Time becomes good because the day of salvation, the time of grace, dawns brightly in the heart of the believer.343 Goodness does not appear to be a characteristic of time per se; rather, it is something that time is granted through divine promise and divine action.344 Only divine activity can qualify time as truly good time. The flowing away, that is, time's transitoriness, which is basically experienced as negative, appears, on the other hand, to belong to the essence of time itself. What human beings experience as the destructive power of time is thus made relative—from the human perspective—by the subsequent qualification of time as a time of grace. This qualification accomplished by the saving acts of God in Christ also finds a partner in a preexistent qualification of time by divine foreknowledge:
Lang, ehe wir geboren, hast du uns angesehn! "Sie sinds, die vor den Toren des Lebens wartend stehn. Gebt ihnen Raum . . ."345
Divine, loving foreknowledge lends time a connection to eternity, so to speak, from the very beginning, and thus creates trust in the beings who are subject to all the destructive powers of transitoriness. On this basis, on the one hand, hope for an increasingly better understanding of divine truth is possible;346 and, on the other hand, an ethically responsible management of time is provided. It is necessary to be watchful,347 to make use of the brief time that one has,348 and to use it properly,349 as well as to heed the "signs of the times."350 Those who are rushed and pressed should take time to stop351 and live in God's now.352 Daily life should be a liturgy that celebrates the victory of Jesus each and every day.353 As already mentioned, in more recent hymns, times of suffering are no longer dealt with by being content to wait for eternal peace; rather, one strives to search and find meaning in the pres-
Two hymns from the Catholic tradition mention a special time that serves as a place of purification, namely, the interim state of purgatory.355
As already established, the otherworldliness of eternity has moved increasingly into the background during the twentieth century. It does not disappear, but time, growing in significance at its side, distinguishes itself as the habitat of human beings. Kurt Marti expresses an extremely radical this-worldliness in his text from 1986:
In uns kreist das Leben, das uns Gott gegeben, kreist als Stirb und Werde dieser Erde.356
It is a matter of hope for life, hope for the time that is and will come,357 for "Gott hat uns diese Erde gegeben, dass wir auf ihr die Zeit bestehen" (God gave us this earth on which to stand the test of time),358 and "[w]enn wir heute mutig wagen, auf Jesu Weg zu gehn, werden wir in unsern Tagen den kommenden Frieden sehn" (if today we courageously dare to follow the path of Jesus, we will see the coming peace in our days).359 Here, however, one must act in faith, since feelings allow us to enjoy for only brief moments that which, in reality, we possess all the time.360 Contrary to appearances, the future is already now real:
Redan är du den du en gang skall bli:
For "[d]er Himmel, der kommt, grüßt schon die Erde, die ist, wenn die Liebe das Leben verändert" (the heaven to come already greets the earth that exists, when love transforms life).362
When their sojourn in the habitat of time is finally over, then people "gar ur tiden" (they will leave time)363—as the Swedish language expresses it in a synonym for "dying." Until that time, however, the shaping of a lifetime is, to a great degree, the responsibility of human beings; and this also entails special risks. Human self-assertion leads, namely, to an attack on God's sovereignty. A hymn from the 1960s speaks of this dilemma:
Wir wollen leben und uns selbst behaupten.

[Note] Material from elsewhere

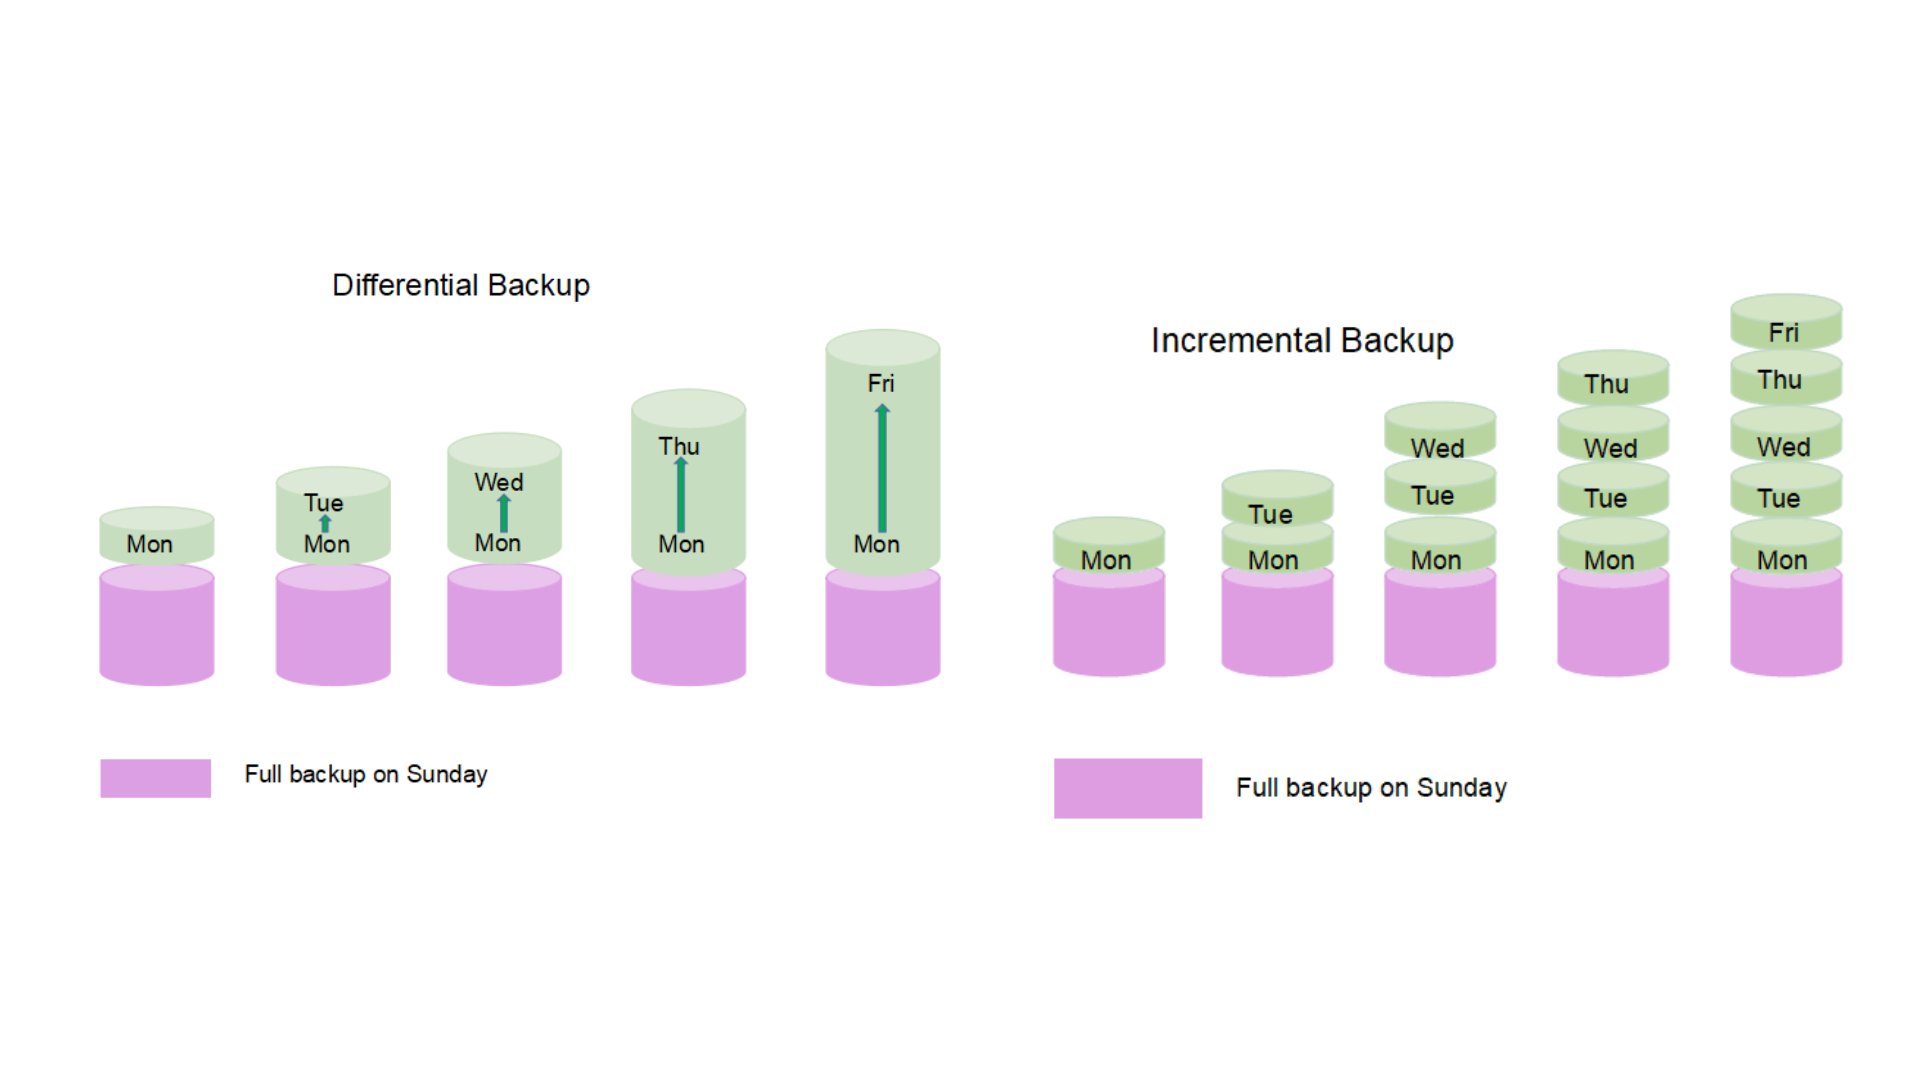 Are incremental backups faster?

Doch deine Freiheit setzen wir aufs Spiel.
Nach unserm Willen soll die Welt sich ordnen.
Wir bauen selbstgerecht den Turm der Zeit.364
As a consequence of such Babylonian tower-building, we are dependent upon God's grace again and again:
von gestern und morgen sprich uns los.365
Thus, a person set free from the past and the future could then finally live in the now of the present, which in turn, according to Augustine,366 would be tantamount to a life in eternity.